I would go to Google and do search for reviews of these providers. Or, perhaps, the cross-org registry provides some scoring features where (un)happy consumers can share their opinions (like on eBay)...

Best,
Radovan



--
Radovan Janecek
http://radovanjanecek.net/blog

On 3/1/06, deriv676 <[EMAIL PROTECTED] > wrote:
Hi,

I'm thinking of some b2b scenarios. I'm a company that needs to buy
sprockets because I'm building bikes. Say I manage to find in some
cross-organization registry the service interfaces of 10 sprocket
sellers and somehow I know how to use all of them. Now I have to
choose one and order 500 sprockets. How do I address the issue of
trust? Which one of the 10 sellers is most trust-worthy? I don't mean
QoS or security, I mean which one is least likely to send me defective
sprockets, which one is least likely to be late with my order, which
one is least likely to be a phantom site ripping me off?

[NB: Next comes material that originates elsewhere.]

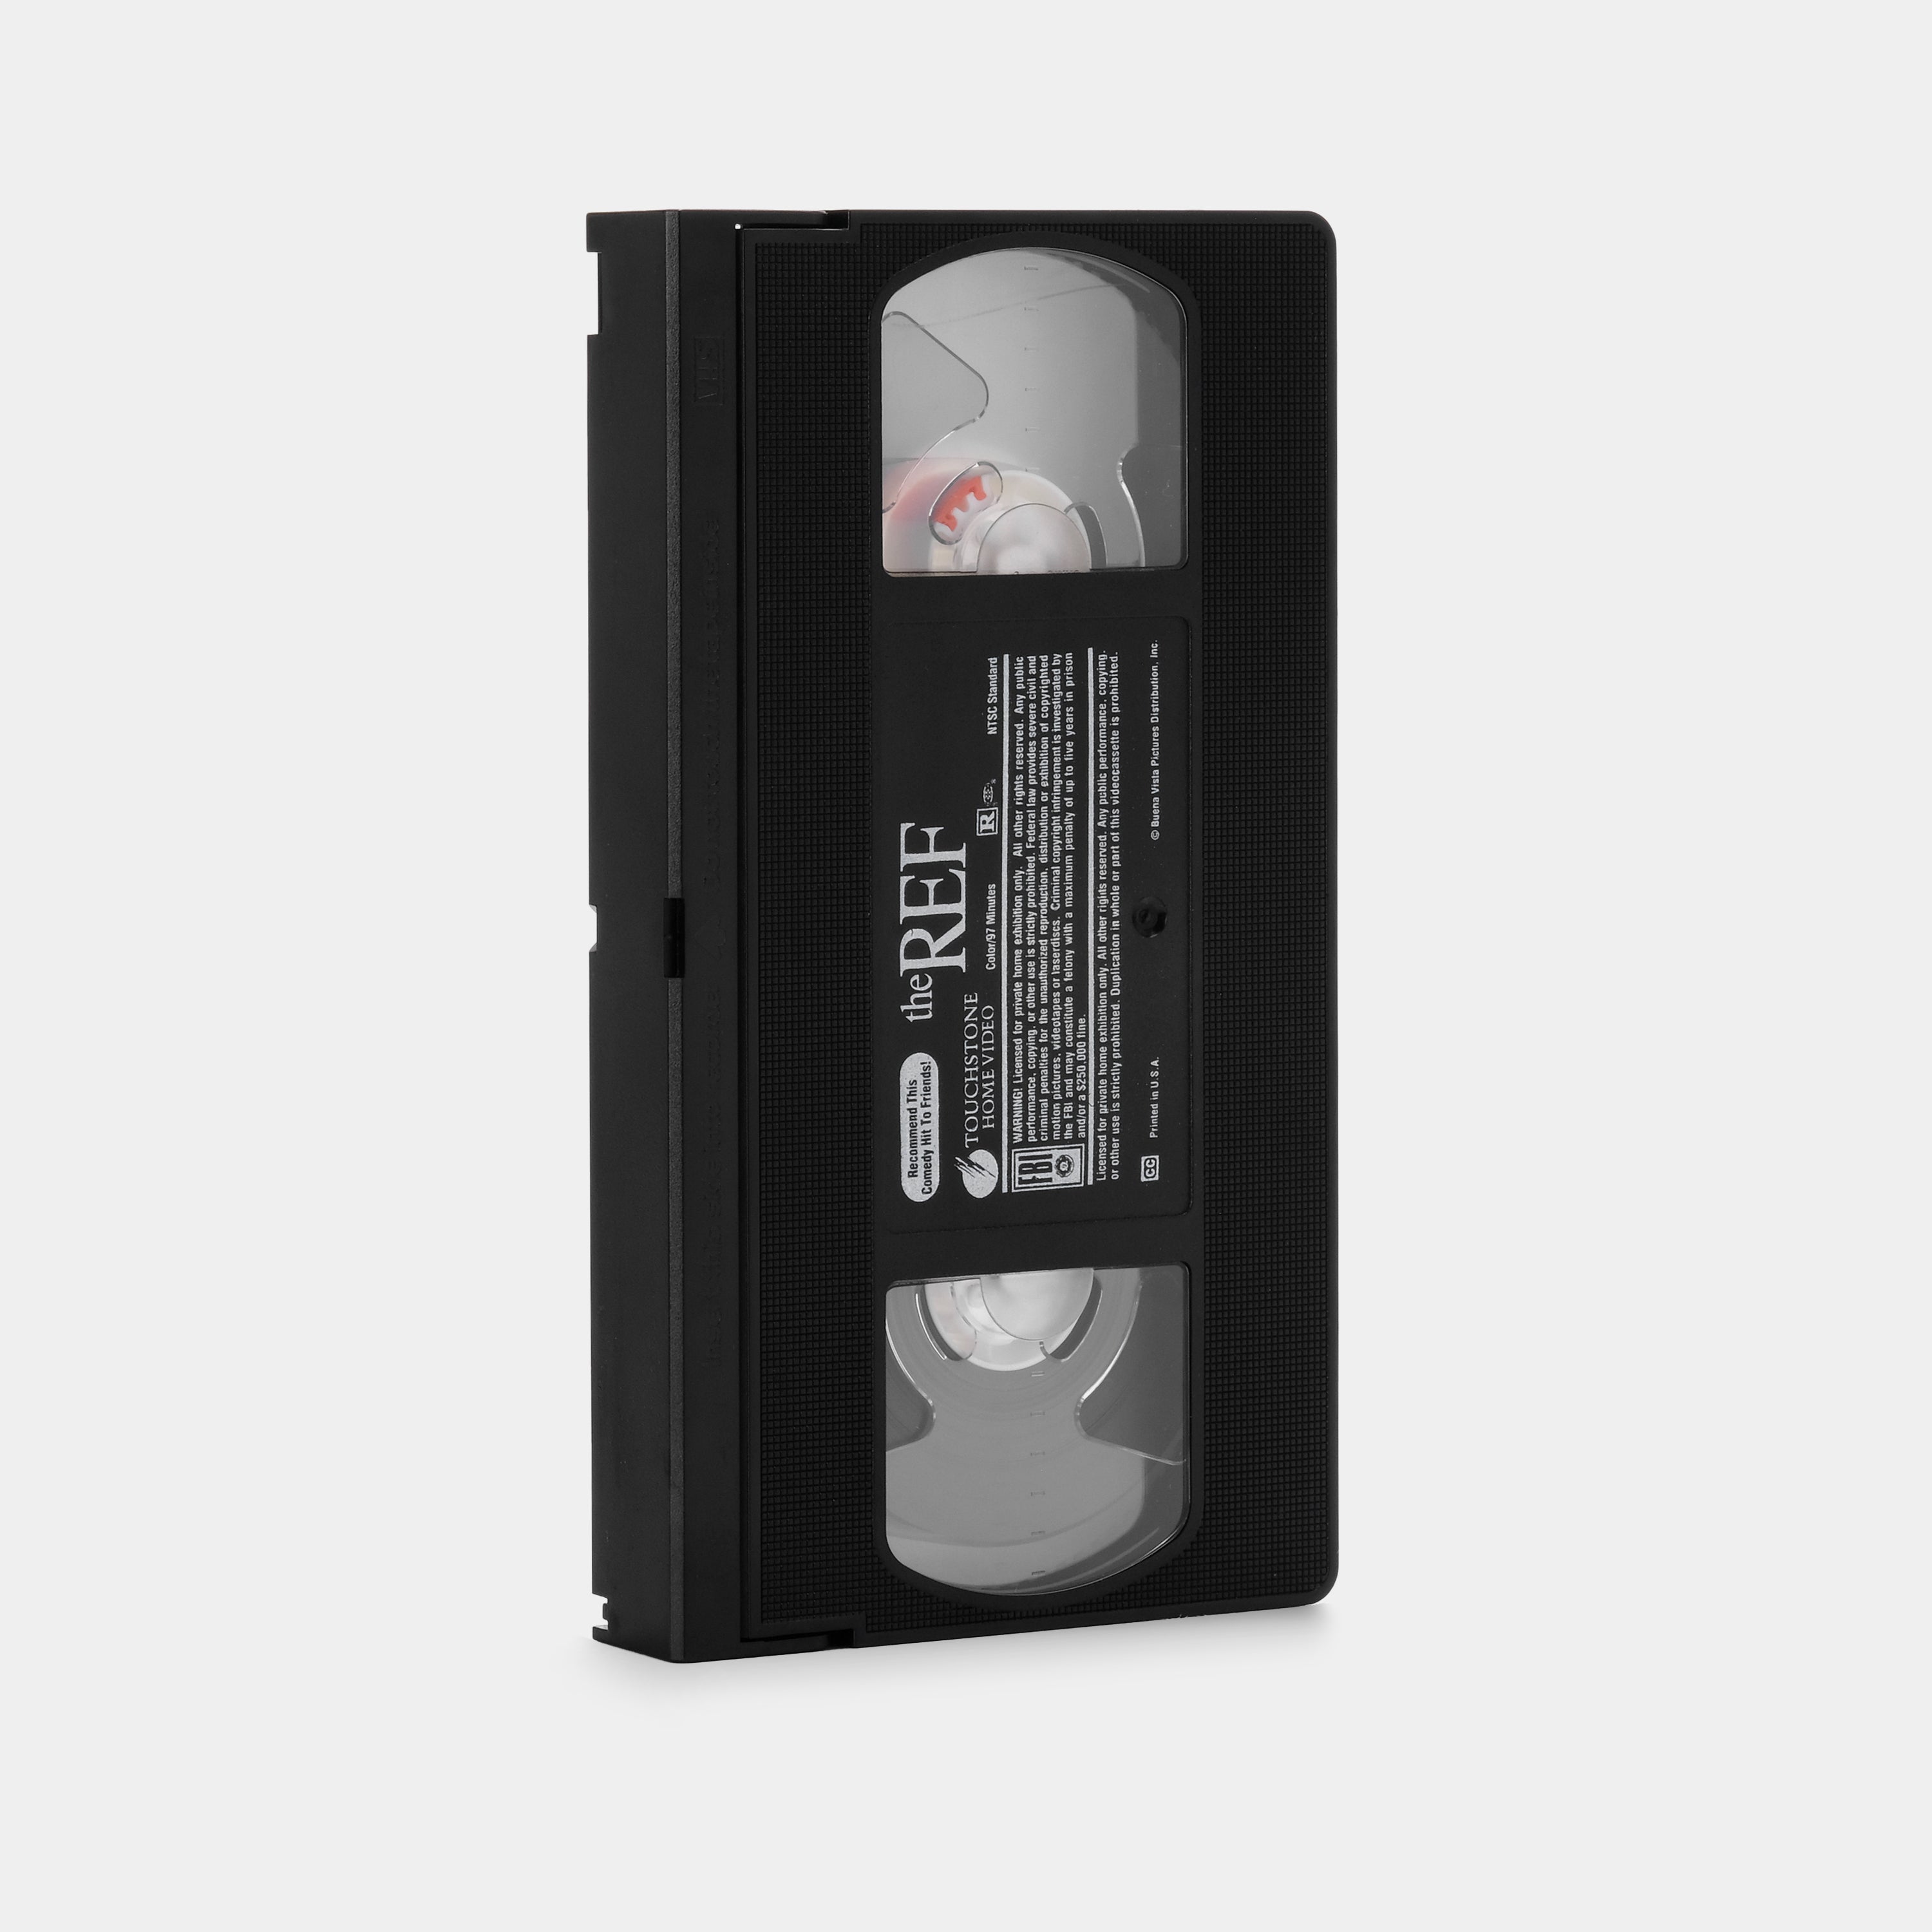 The Ref VHS Tape

I know about the ways you can express "trust information" in a WS
service interface. But the key issue is that this information has to
be true, so it has to somehow be managed by a third (trusted) party
(some government agency?). Or the track record of delivering orders of
that seller is available somewhere, again under the control of some
trusted third party.

What are the ways to deal with this?